Edit: These are my PASS conditions:
"http://www.zi255.com?Req=Post&PID=4",
"http://www.zi255.com?Req=Post&ID=4",
"http://www.zi255.com/?Req=Post&PID=4",
"http://www.zi255.com?Req=Post&PostID=4",
"http://www.zi255.com/?Req=Post&ID=4"
"http://www.zi255.com?Req=Post&Post=4",
"http://www.zi255.com?Req=Post&Entry=4",
"http://www.zi255.com?PID=4"
"http://www.zi255.com/Post.aspx?Req=Post&ID=4",
"http://www.zi255.com/Post.aspx?Req=Post&PID=4",
"http://www.zi255.com/Post.aspx?Req=Post&Post=4",
"http://www.zi255.com/Post.aspx?Req=Post&Title=Random%20Post%20Name"
"http://www.zi255.com/?Req=Post&Title=Random%20Post%20Name",
"http://www.zi255.com?Req=Post&Title=Random%20Post%20Name",
"http://www.zi255.com?Req=Post&PostID=4",
"http://www.zi255.com?Req=Post&Post=4",
"http://www.zi255.com?Req=Post&Entry=4",
"http://www.zi255.com?PID=4"
"http://www.zi255.com",
"http://www.damnednice.com"
These are my FAIL conditions:
"http://.com",
"http://.com/",
"http:/www.google.com",
"http:/www.google.com/",
"http://www.google",
"http://www.googlecom",
"http://www.google.c",
".com",
"https://www..."
I'll throw out an alternative suggestion. You may want to use a combination of the parsing of the built-in System.Uri class and a couple targeted regexes (or simple string checks when appropriate).
Example:
string uriString = "...";
Uri uri;
if (!Uri.TryCreate(uriString, UriKind.Absolute, out uri))
{
// Uri is totally invalid!
}
else
{
// validate the scheme
if (!uri.Scheme.Equals("http", StringComparison.OrdinalIgnoreCase))
{
// not http!
}
// validate the authority ('www.blah.com:1234' portion)
if (uri.Authority // ...)
{
}
// ...
}
Sometimes, one catch-all reqex is not the best solution, however tempting. While debugging this regex is feasible (see Greg Hewgills answer), consider doing a couple of tests for different categories of problems, e.g. one test for numerical addresses and one test for named addresses.
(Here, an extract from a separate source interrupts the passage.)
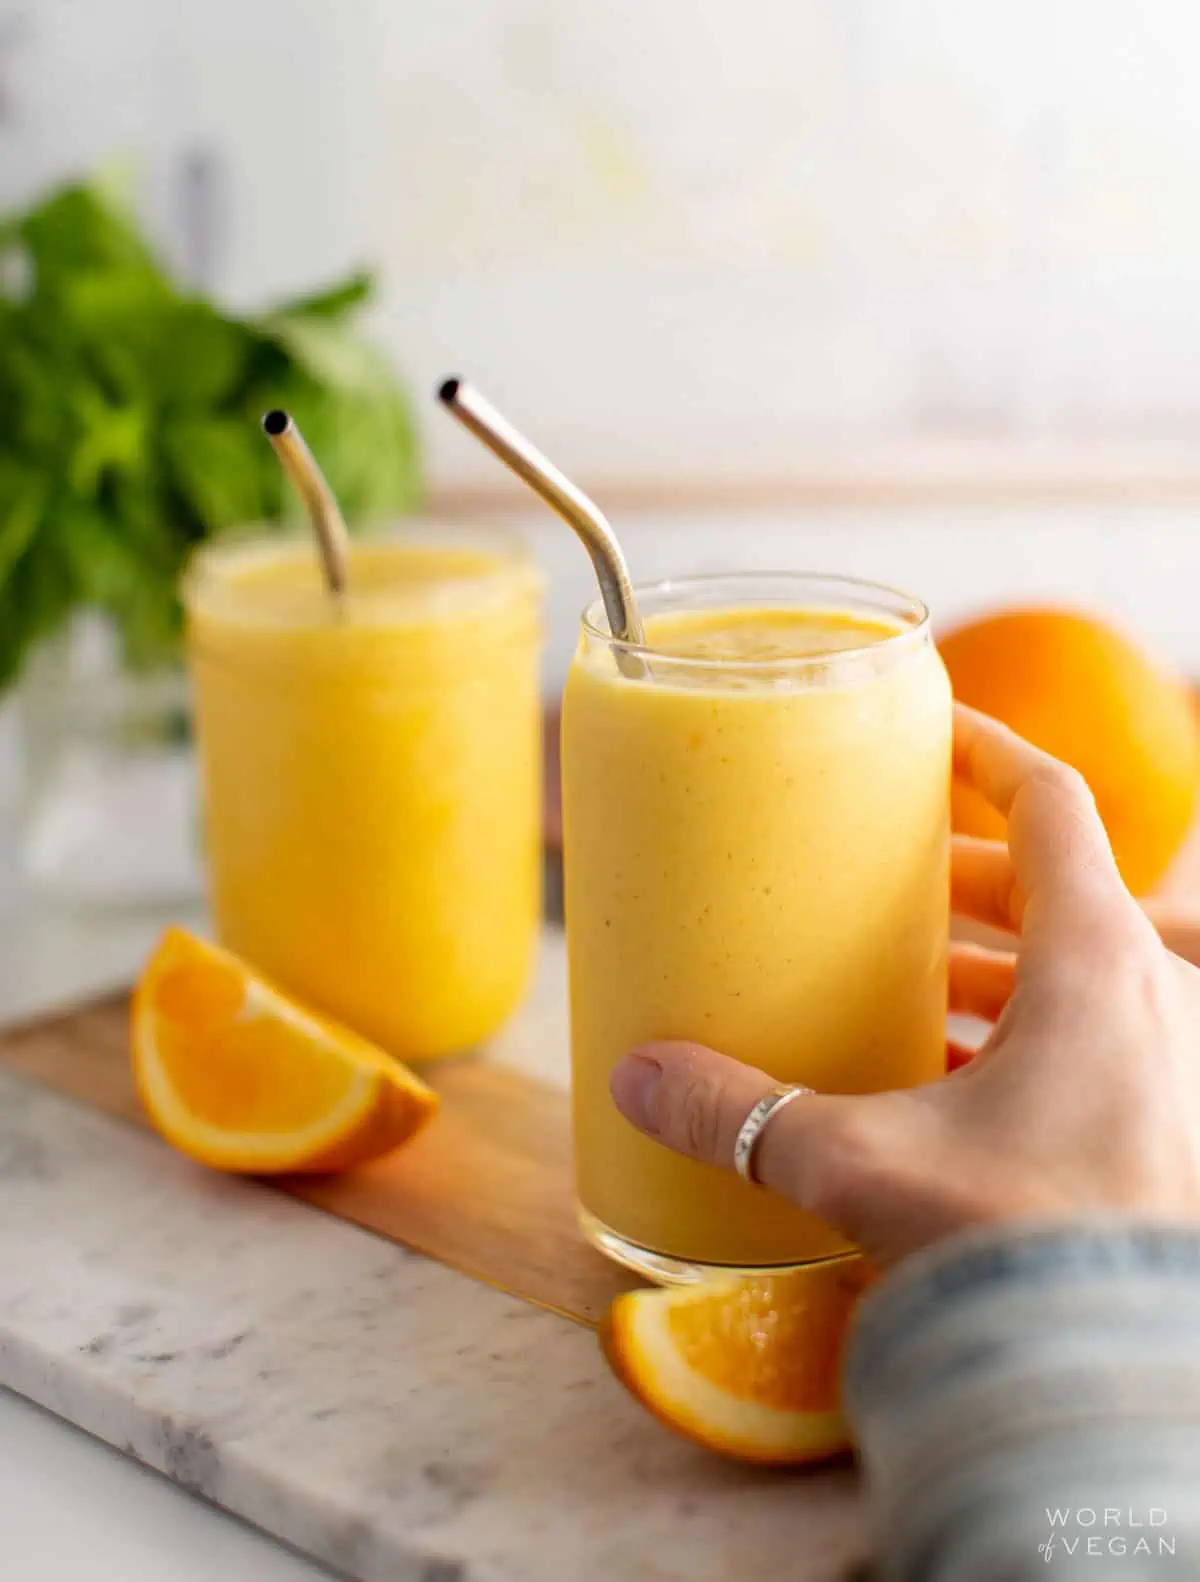 A hand reaching for an orange juice smoothie.

You need to force your regex to match up until the end of the string. Add a $ at the very end of it. Otherwise, your regex is probably just matching http://, or something else shorter than your whole string.
The "validate a url" problem has been solved* numerous times. I suggest you use the System.Uri class, it validates more cases than you can shake a stick at.
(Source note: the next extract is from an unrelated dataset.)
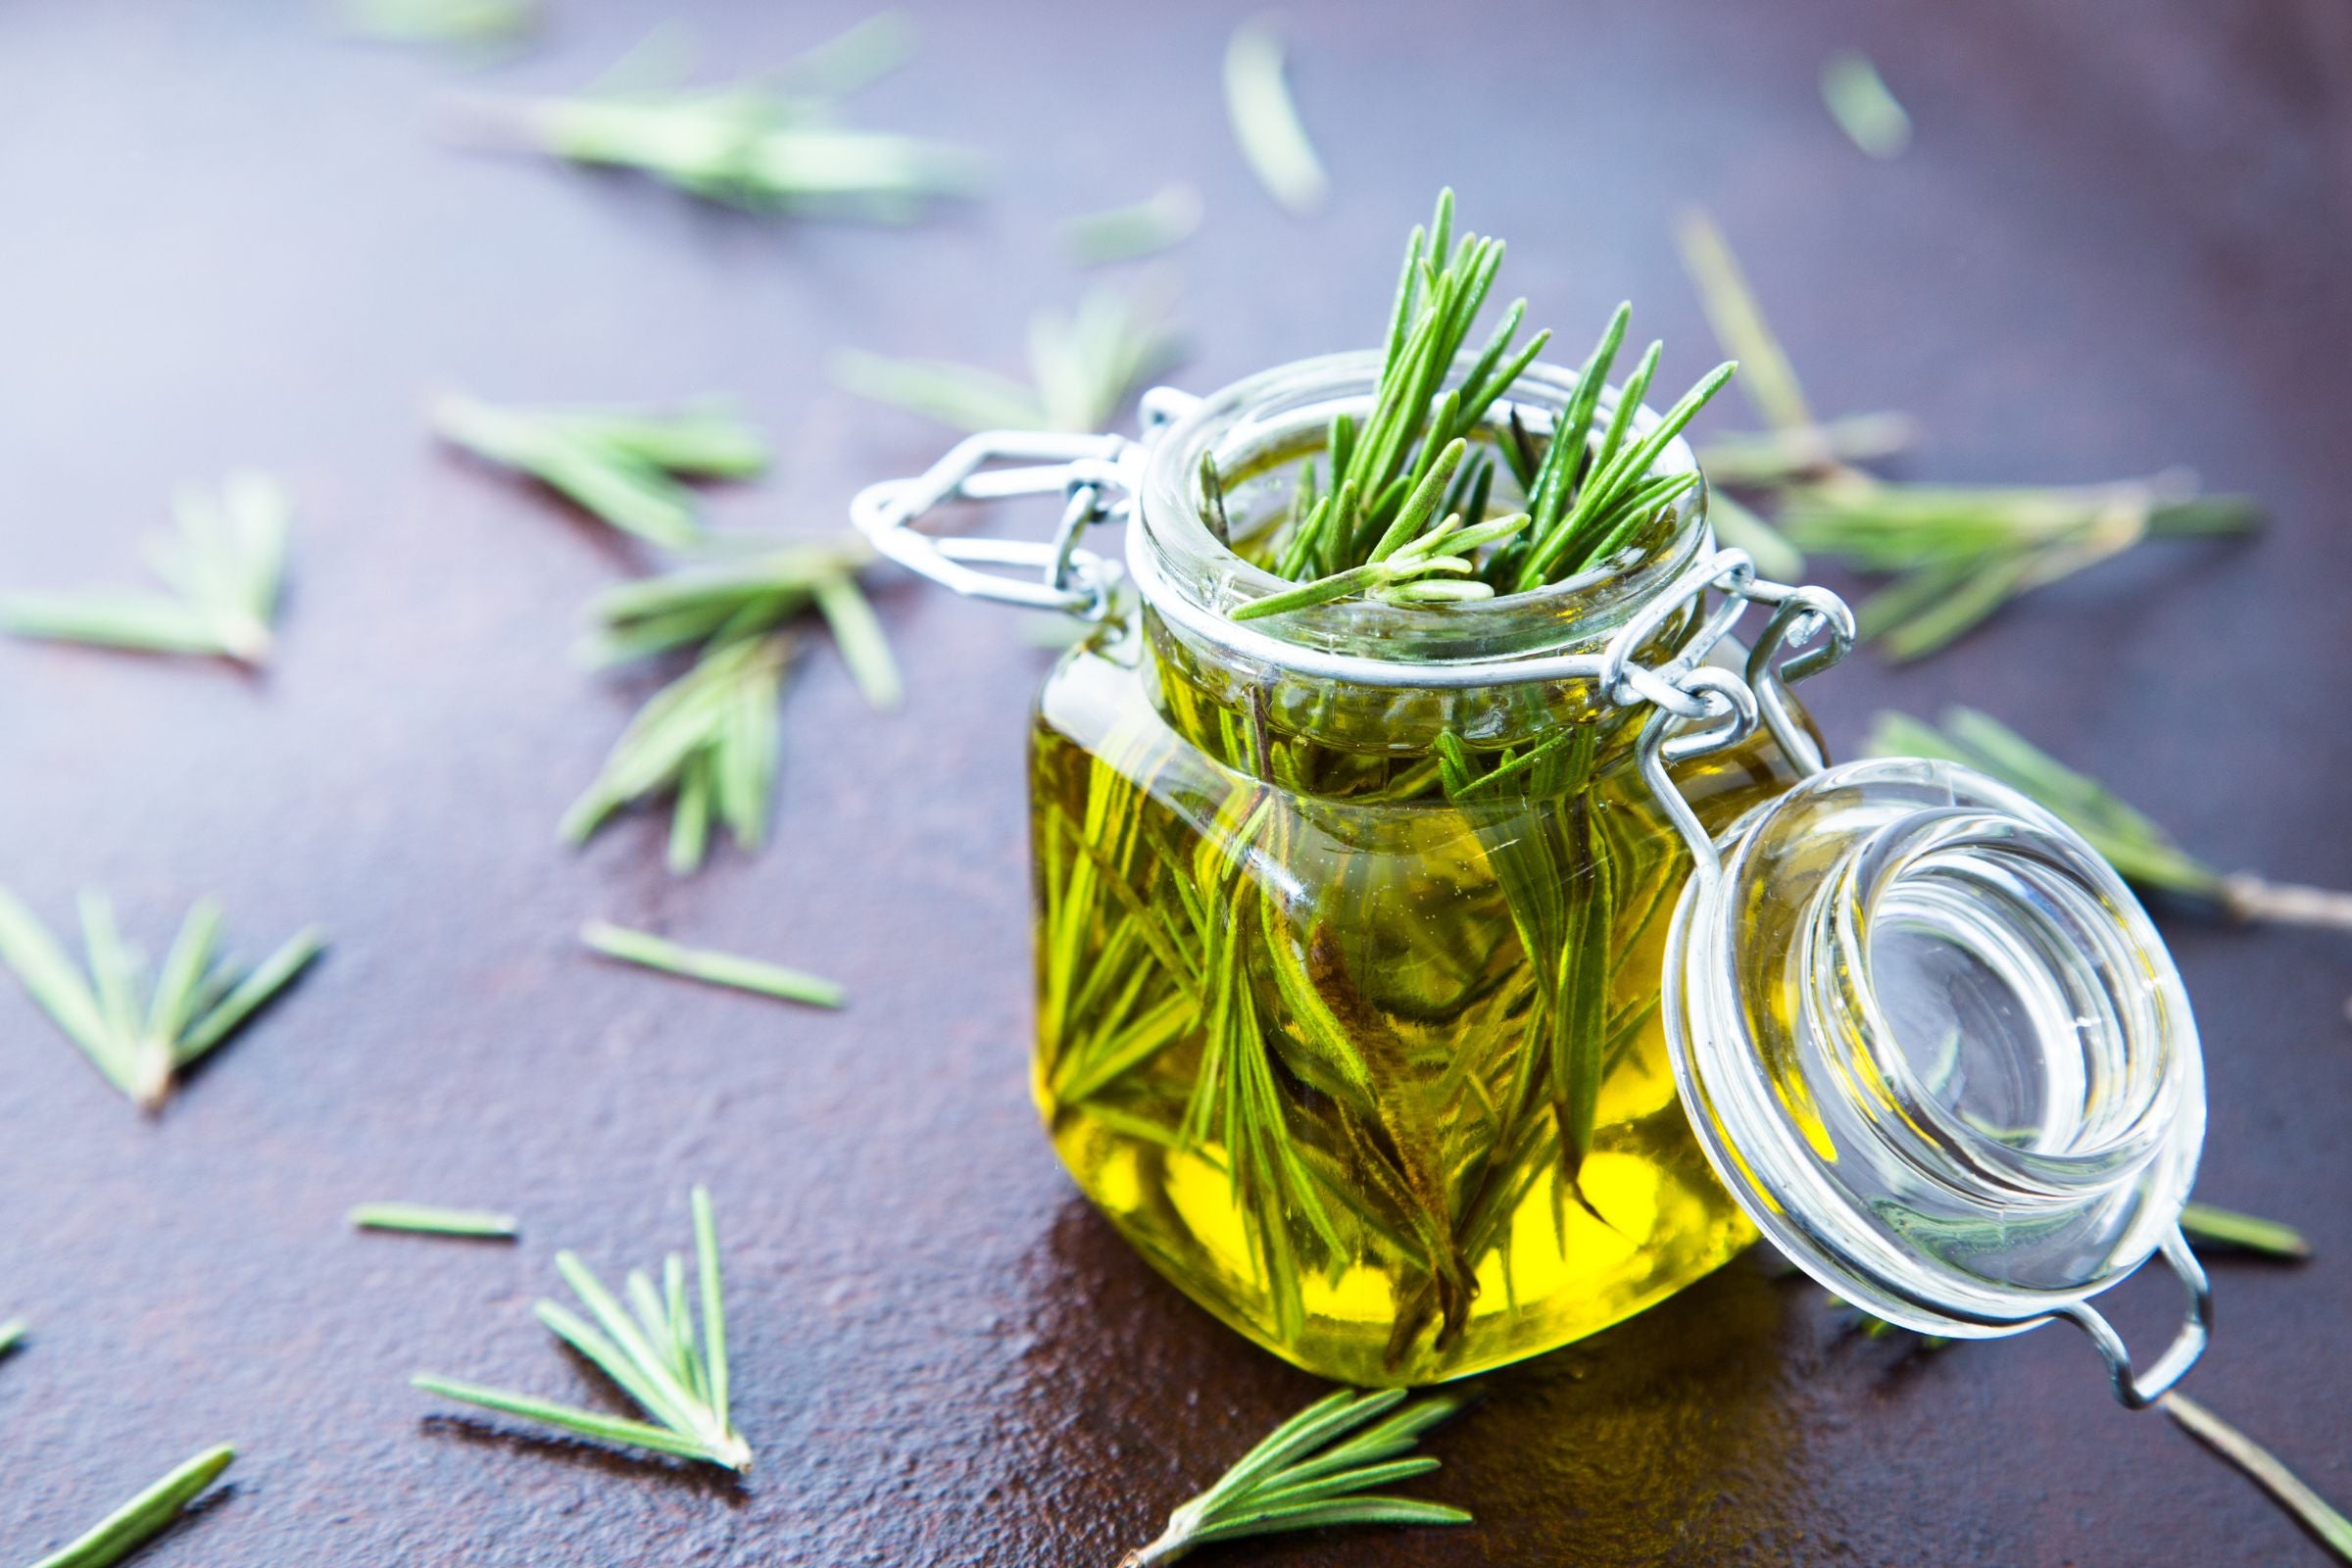 Cover Photo - 100_ Pure How To Make Rosemary Oil For Hair Growth.jpg

The code Uri uri = new Uri("http://whatever"); throws a UriFormatException if it fails validation. That is probably what you'd want.
*) Or kind of solved. It's actually pretty tricky to define what is a valid url.
Its all about definitions, a "valid url" should provide you with a IP address when you do a DNS Lookup. The IP should be connected to and when a request is send out, you get a reply in the form of a HTML information that you can use.
So what we are looking for is a "valid URL Format" and that is where the system.uri comes in very handy. BUT, if the URL is hidden in a large piece of tekst, you would first like to find something that validates as a valid URL-Format.
The thing that distinquishes a URL from any given readable tekst is the dot not followed by whitespace. "123.com" could validate as a real URL.
Using the regex
[a-z_\.\-0-9]+\.[a-z]+[^ ]*
to find any possible valid url in a text and then do a system.uri check to see if its a valid URL format and then do a lookup. Only when the lookup gives you a result then you know the URL is valid.
Related
I have to download a file (using existing Flurl-Http endpoints [1]) whose name contains a "#" which of course has to be escaped to %23 to not conflict with uri-fragment detection.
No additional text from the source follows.